Asylum Antics

By Mark Krikorian on August 13, 2013

While media grannies are getting their knickers in a twist over the antics of a Missouri rodeo clown, a cascading, Mariel Boatlift-style immigration emergency may be brewing on the Mexican border. Fox reports:

A sudden influx of illegal immigrants from Mexico requesting asylum is overwhelming immigration agents in San Diego, forcing agencies to rent hotel rooms for some undocumented families and release others to cities around the U.S.

Documents obtained exclusively by Fox News show Immigration and Customs Enforcement has been paying for hotel rooms for dozens of recently arrived families to relieve overcrowding inside the San Ysidro and Otay Mesa, Calif., processing centers. Some ICE employees are working overtime and others have been asked to volunteer to work weekend shifts. "Duties include intake, placements, transports and release of family groups and unaccompanied minors," according to a memo obtained by Fox News.

This is the nightmare scenario of border control — thousands of Mexicans just showing up at our border crossings and demanding asylum based on fear of cartel violence (generalized violence is not grounds of asylum). Very few Mexican applicants end up receiving asylum, but that's not the point — once they're released into the country, they can just disappear (especially under this administration). That's why immigration, faced with the onslaught, is housing some in local hotels (including this Quality Suites), to make sure they don't run off. "Others," reported Fox:

were released to addresses in Texas, Florida and even Brooklyn, N.Y. ICE sources say the addresses are almost always bogus.
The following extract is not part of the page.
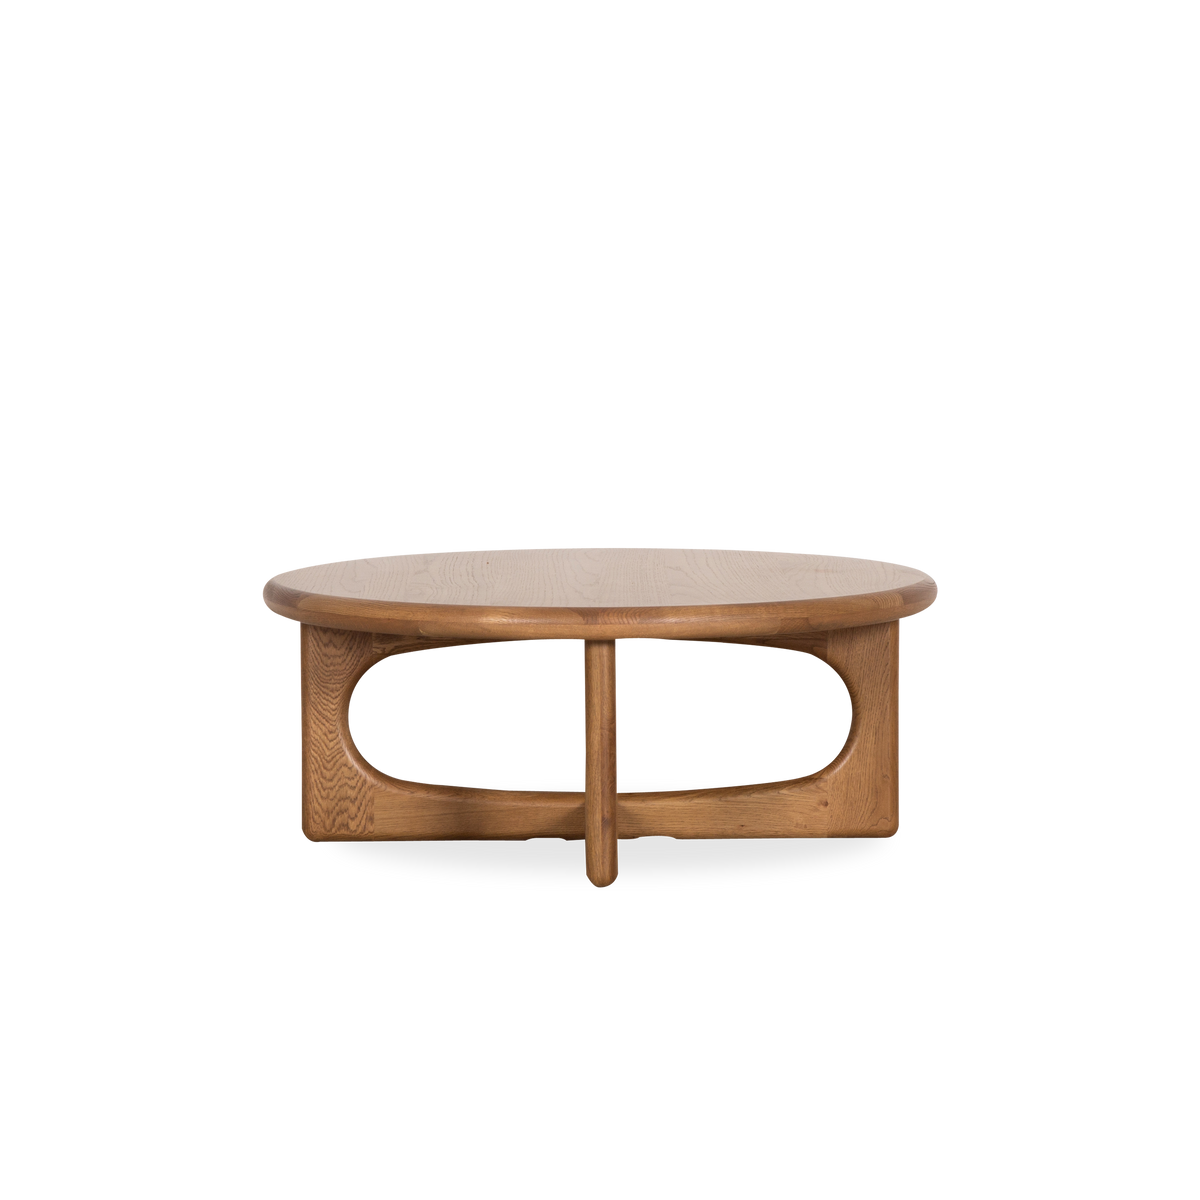 Channelling the organic forms of 1970s postmodernism, the Talon Coffee Table is a stylish and durable addition to any space.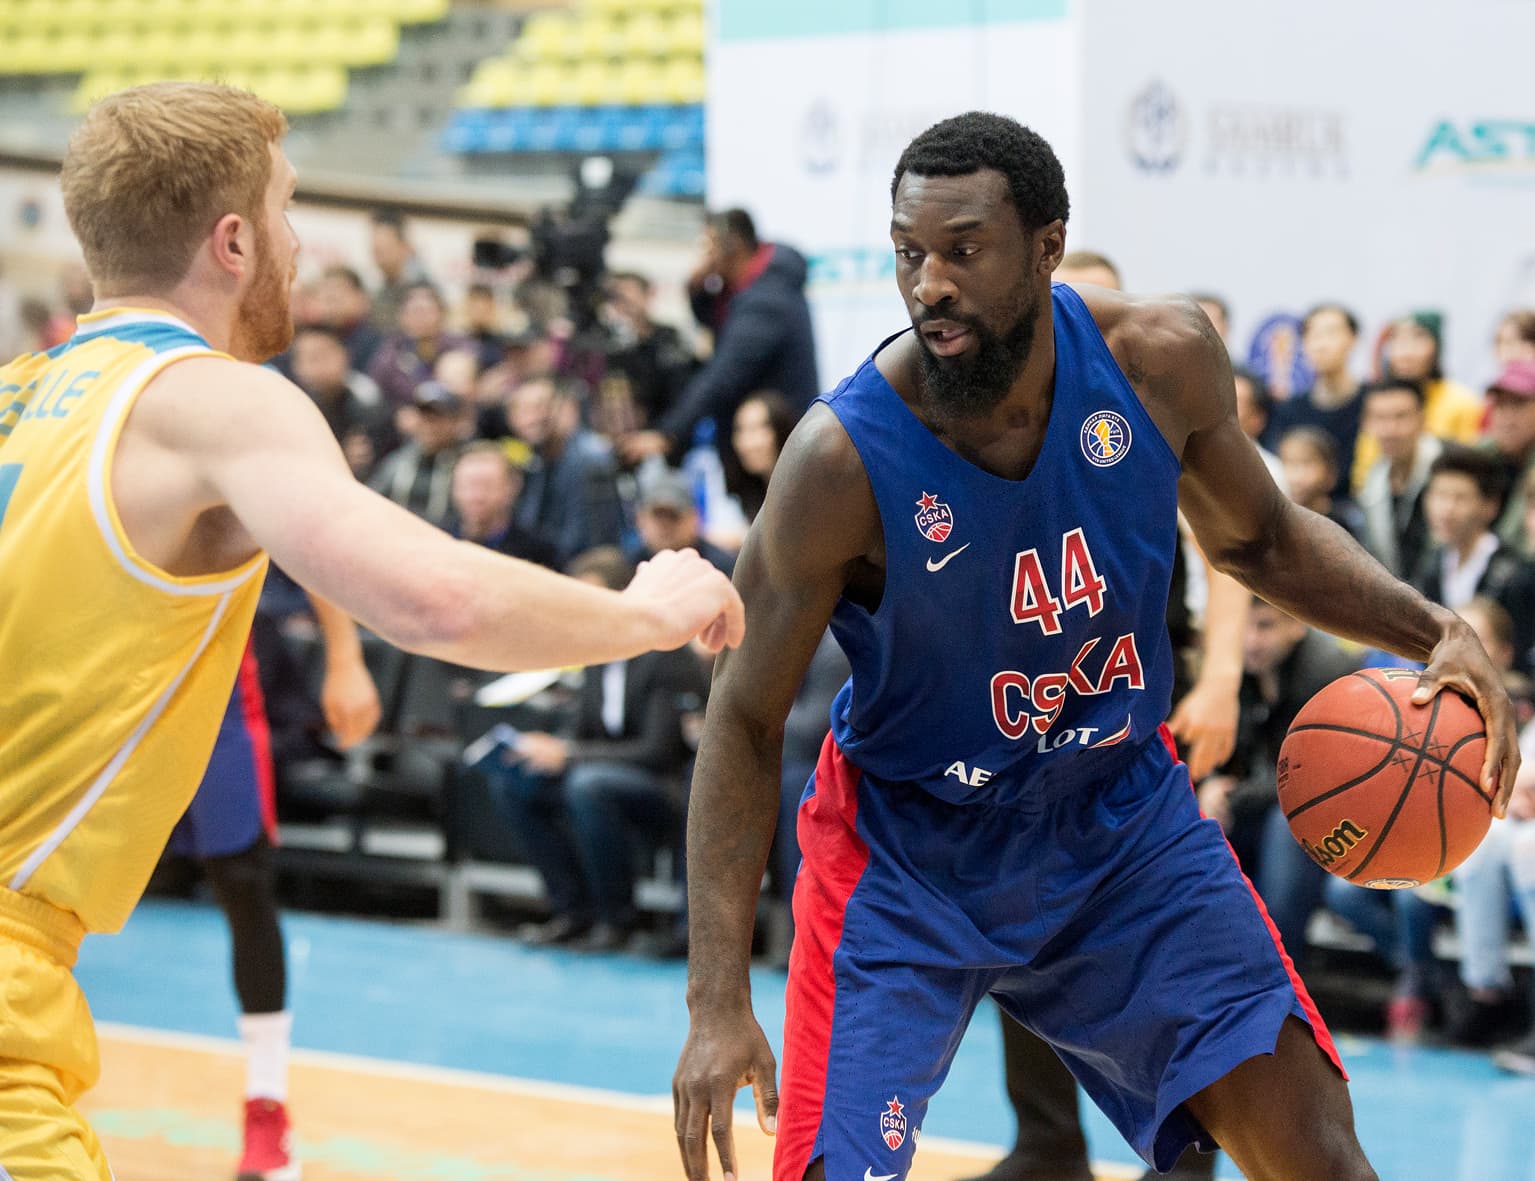 Army Men Wear Down Astana On The Road

When they don't show up for court, they are removed by an immigration judge in absentia.

"Removed in absentia" means they're ordered deported, but that order just goes on the pile of hundreds of thousands of others that have been issued but ignored — unless you're a rapist or drug dealer, no one's looking for you.

And this isn't some random upsurge — the applicants have been coached on what to say:

"This clearly has to have been orchestrated by somebody," said former U.S. Attorney for Southern California Peter Nunez [and chairman of the board of CIS]. "It's beyond belief that dozens or hundreds or thousands of people would simultaneously decide that they should go to the U.S. and make this claim."

The coordinated nature of these asylum claims is all the more obvious since Baja, where these people are crossing from, has not seen the same level of cartel violence as other parts of the border.

Last month, a group of young illegal aliens conducted a publicity stunt by returning to Mexico then turning around and demanding to be readmitted to pursue just such asylum claims. After detaining them for a couple of weeks, the administration let them go last week. Given that experience, it's entirely possible that the surge in phony asylum claims we're seeing was actually orchestrated not by smuggling rings but by the pro-immigration, anti-border lobbyists in this country, perhaps by the DREAM activists themselves.

Congress gave the immigration authorities a tool to prevent this kind of thing. "Expedited removal" was authorized in the 1996 immigration law and allows border agents to make a determination whether an asylum applicant has a "credible fear" of persecution — a lower bar than you need to prove to actually receive asylum but enough to get you into the pipeline and, usually, released into the general population while you wait for your hearing. The problem is that DHS is setting the credible fear bar too low, letting in people who should simply be turned away. This is all the more true given that asylum is only available to people who can't find a place within their own country where they can escape persecution; much of Mexico has not experienced cartel violence, so asylum applications should be dismissed out of hand. If a border journalist, say, flees a border bridge one step ahead of cartel assassins, we're obviously not going to send him back the way he came. But granting him asylum isn't the answer; rather, we need to put him on a plane headed for Mexico City or a ship bound for Yucatan — places in his own country.

The reason this could spiral out of control is that as word spreads that you can just walk up to a port of entry in California and be admitted after uttering the right key words, you could see thousands, then tens of thousands trying their luck. This isn't even in the administration's interests, because a Mariel-style debacle would scare off timorous Republican congressmen who desperately want to sell out their consituents by voting for amnesty and increased immigration, but need political cover. So my prediction is the administration will start cracking down, at least until an amnesty passes.

UPDATE: A retired border agent e-mailed a colleague of mine that something similar is happening with people from India making bogus asylum claims at border Ports of Entry in Arizona:

Since October 2012 about 2,000 Indian nationals have asked for political asylum at both Nogales POEs. (Before they open the Mariposa POE at 6 in the morning, the Indians are already waiting at the gate.) They are coming every day, no end in sight. . . . These figures are from inside the port, CBP refuses to give official statistics. . . . We cannot refuse them, they are processed (taking away lots of POE officers from more important work) and sent on to central processing stations where they are given a hearing date and released . . . never to be seen again.